Chiu Hsiao-Jung, Wang Hao-Ching, Chang Wen
Molecular and Cell Biology, Taiwan International Graduate Program, Academia Sinica and Graduate Institute of Life Sciences, National Defense Medical Center, Taipei, Taiwan.
Institute of Molecular Biology, Taipei, Taiwan.
J Virol. 2025 Aug 18:e0072325. doi: 10.1128/jvi.00723-25.
Vaccinia virus, a prototypical poxvirus, utilizes a unique multi-protein entry fusion complex (EFC), comprising 11 components, to mediate membrane fusion during host cell entry. Although the crystal structure of a truncated form of the G9 protein has been determined, the functional relevance of its structural features remains poorly understood.
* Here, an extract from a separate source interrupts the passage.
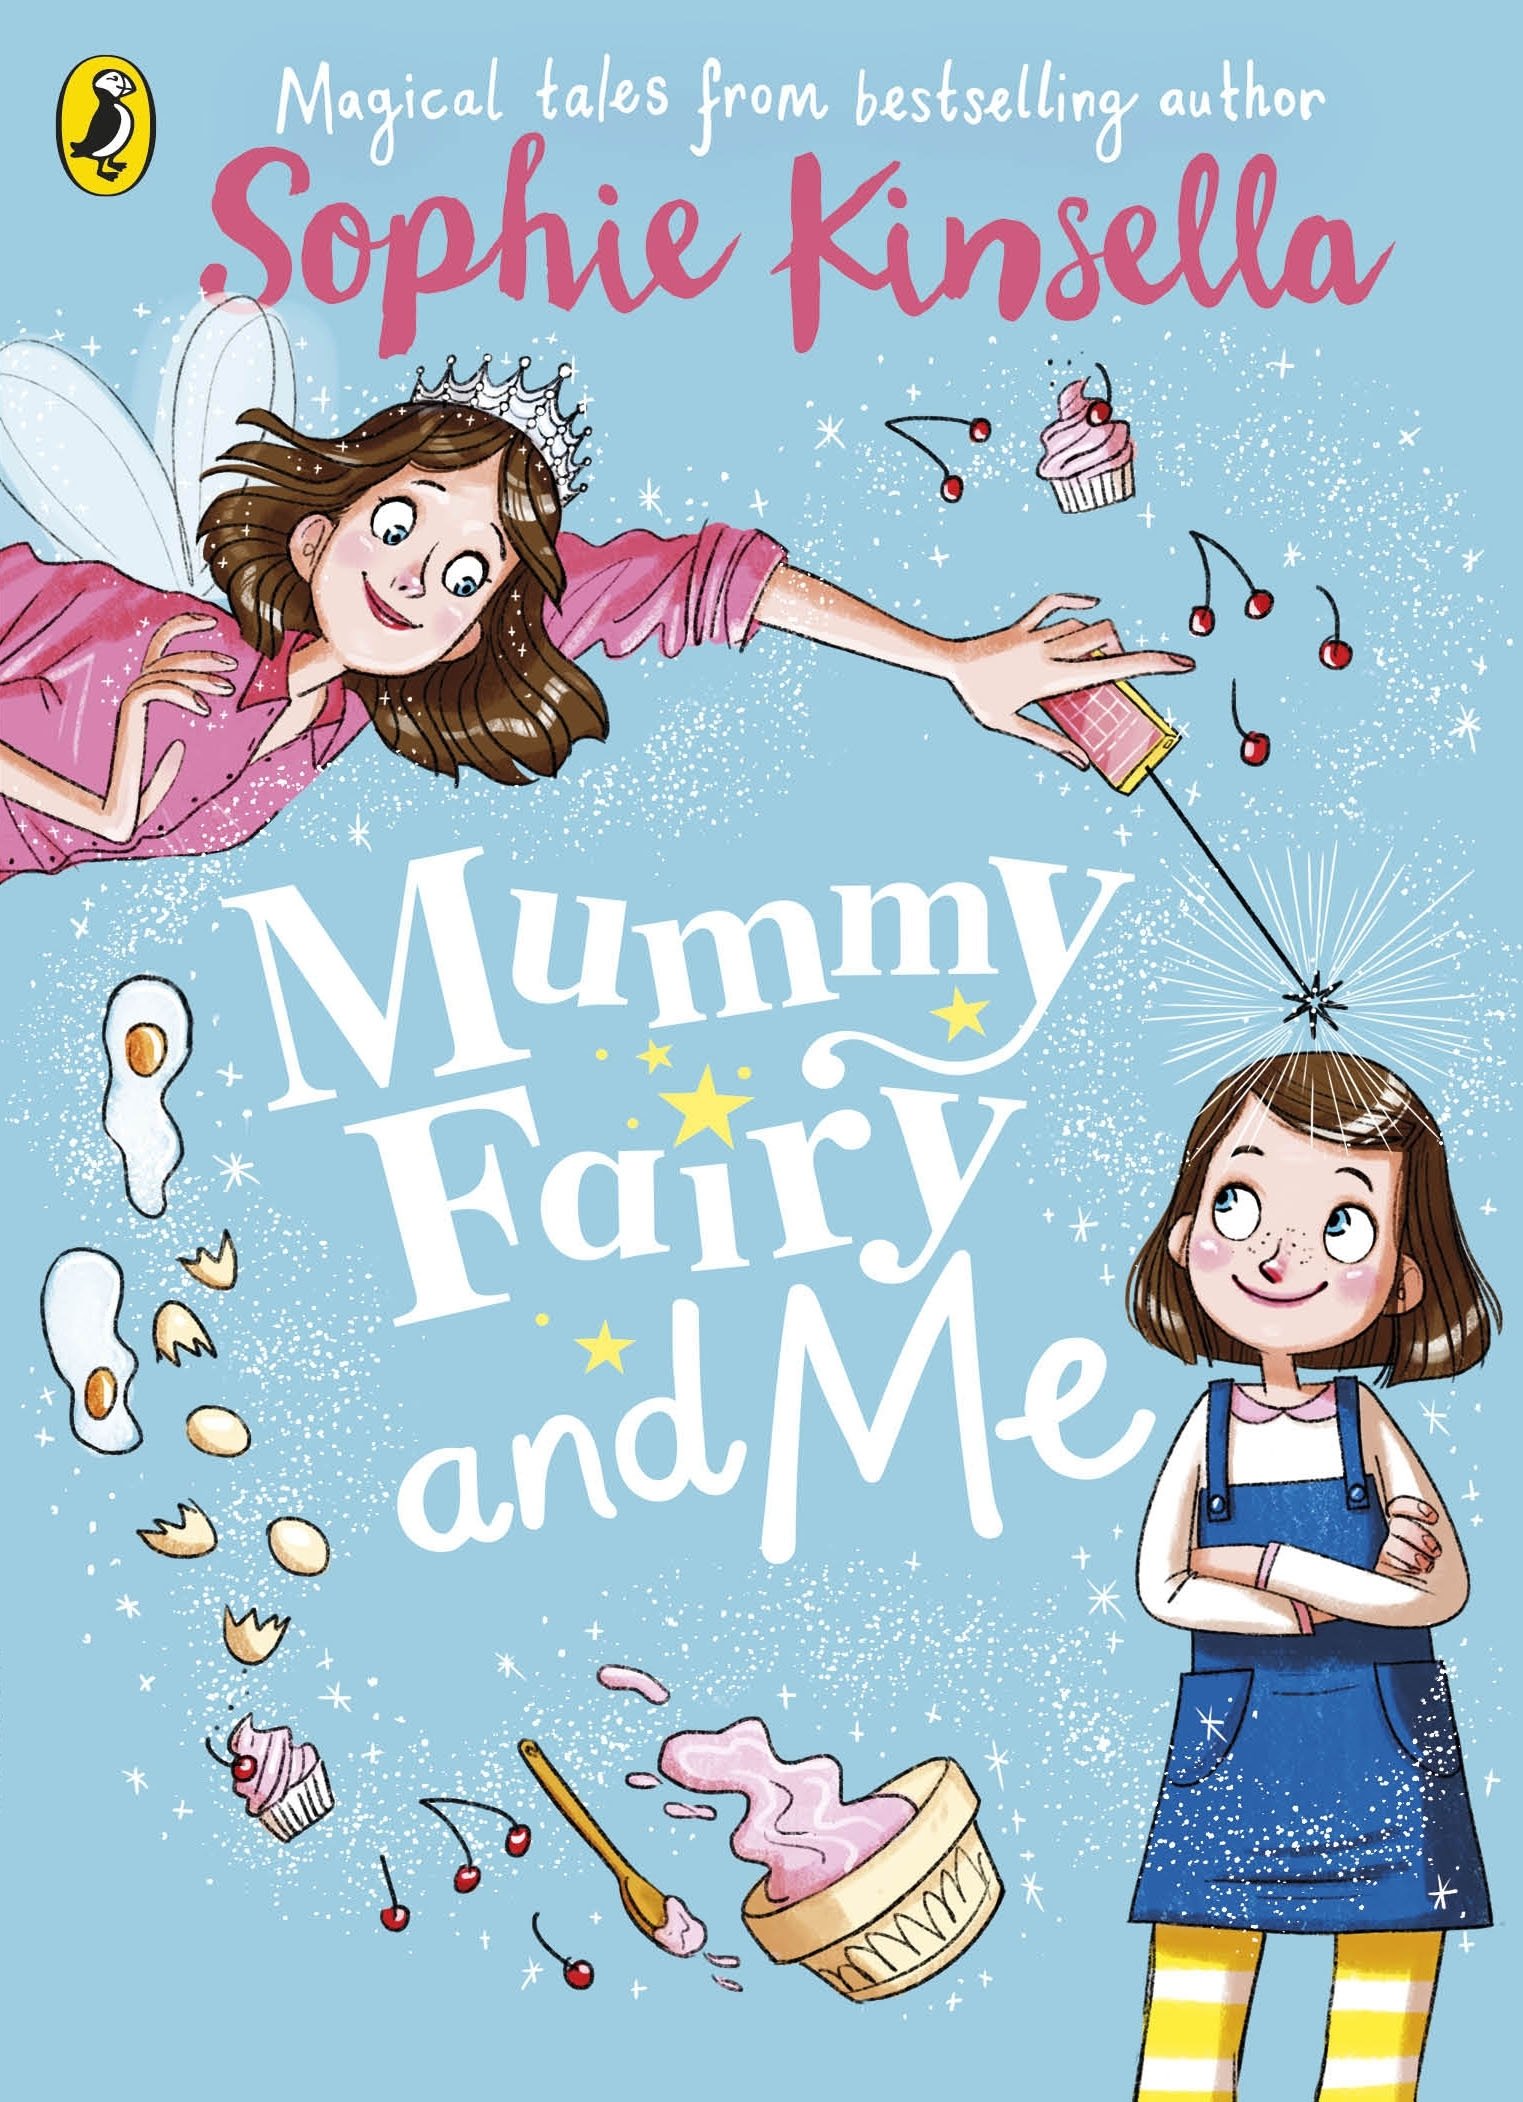 Mummy Fairy and Me | Sophie Kinsella

In this study, we systematically analyzed 47 G9 mutants to identify critical functional residues. Using trans-complementation assays, co-immunoprecipitation, membrane fusion assays, and structural analysis, we identified nine key mutants, which were categorized into three functional groups. Group 1 mutants failed to interact with A16 and other EFC components, highlighting their essential roles in G9-A16 subcomplex formation. Group 2 and Group 3 mutants retained A16 binding but disrupted interactions with other EFC proteins, suggesting their roles in broader complex assembly. Notably, Group 3 mutants targeted a conserved P(R/Y)XCW motif and a loop structure shared among vaccinia G9, A16, and J5 proteins. A similar motif was also identified in G9 homologs from , suggesting an evolutionarily conserved fusion mechanism. Collectively, our findings demonstrated that G9 function requires multiple domains, including A16-binding interfaces and conserved motifs not resolved in previous protein structures. These results establish G9 as a central EFC component and underscore its potential as a target for antiviral development.IMPORTANCEUnderstanding how viruses enter host cells is critical for developing antiviral strategies. Vaccinia virus, a model poxvirus, uses a unique 11-protein entry fusion complex (EFC) to mediate membrane fusion, unlike other viruses that rely on a single fusion protein. In this study, we identified specific residues in the G9 protein that are critical for maintaining EFC function. Notably, we discovered a conserved P(R/Y)XCW motif within G9 that is also present in orthologs from both poxviruses and members of the phylum, suggesting an evolutionarily conserved mechanism of membrane fusion. These conserved structural elements can serve as potential targets for antiviral intervention against pathogenic poxvirus infections in humans.
痘苗病毒是一种典型的痘病毒,它利用一种独特的多蛋白进入融合复合体(EFC)(由11种成分组成)在宿主细胞进入过程中介导膜融合。尽管已确定了截短形式的G9蛋白的晶体结构,但其结构特征的功能相关性仍知之甚少。在本研究中,我们系统分析了47个G9突变体以鉴定关键功能残基。通过反式互补分析、免疫共沉淀、膜融合分析和结构分析,我们鉴定出9个关键突变体,它们被分为三个功能组。第1组突变体无法与A16及其他EFC成分相互作用,突出了它们在G9 - A16亚复合体形成中的重要作用。第2组和第3组突变体保留了与A16的结合,但破坏了与其他EFC蛋白的相互作用,表明它们在更广泛的复合体组装中的作用。值得注意的是,第3组突变体靶向一个保守的P(R/Y)XCW基序以及痘苗病毒G9、A16和J5蛋白共有的一个环结构。在来自[未提及的来源]的G9同源物中也鉴定出了类似的基序,表明存在一种进化上保守的融合机制。总体而言,我们的研究结果表明,G9功能需要多个结构域,包括A16结合界面和先前蛋白质结构中未解析的保守基序。这些结果确立了G9作为EFC的核心成分,并强调了其作为抗病毒开发靶点的潜力。
了解病毒如何进入宿主细胞对于制定抗病毒策略至关重要。痘苗病毒作为一种模型痘病毒,与其他依赖单一融合蛋白的病毒不同,它使用一种独特的由11种蛋白组成的进入融合复合体(EFC)来介导膜融合。在本研究中,我们鉴定出了G9蛋白中对于维持EFC功能至关重要的特定残基。值得注意的是,我们在G9中发现了一个保守的P(R/Y)XCW基序,该基序在痘病毒和[未提及的门类]成员的直系同源物中也存在,这表明存在一种进化上保守的膜融合机制。这些保守的结构元件可作为针对人类致病性痘病毒感染的抗病毒干预的潜在靶点。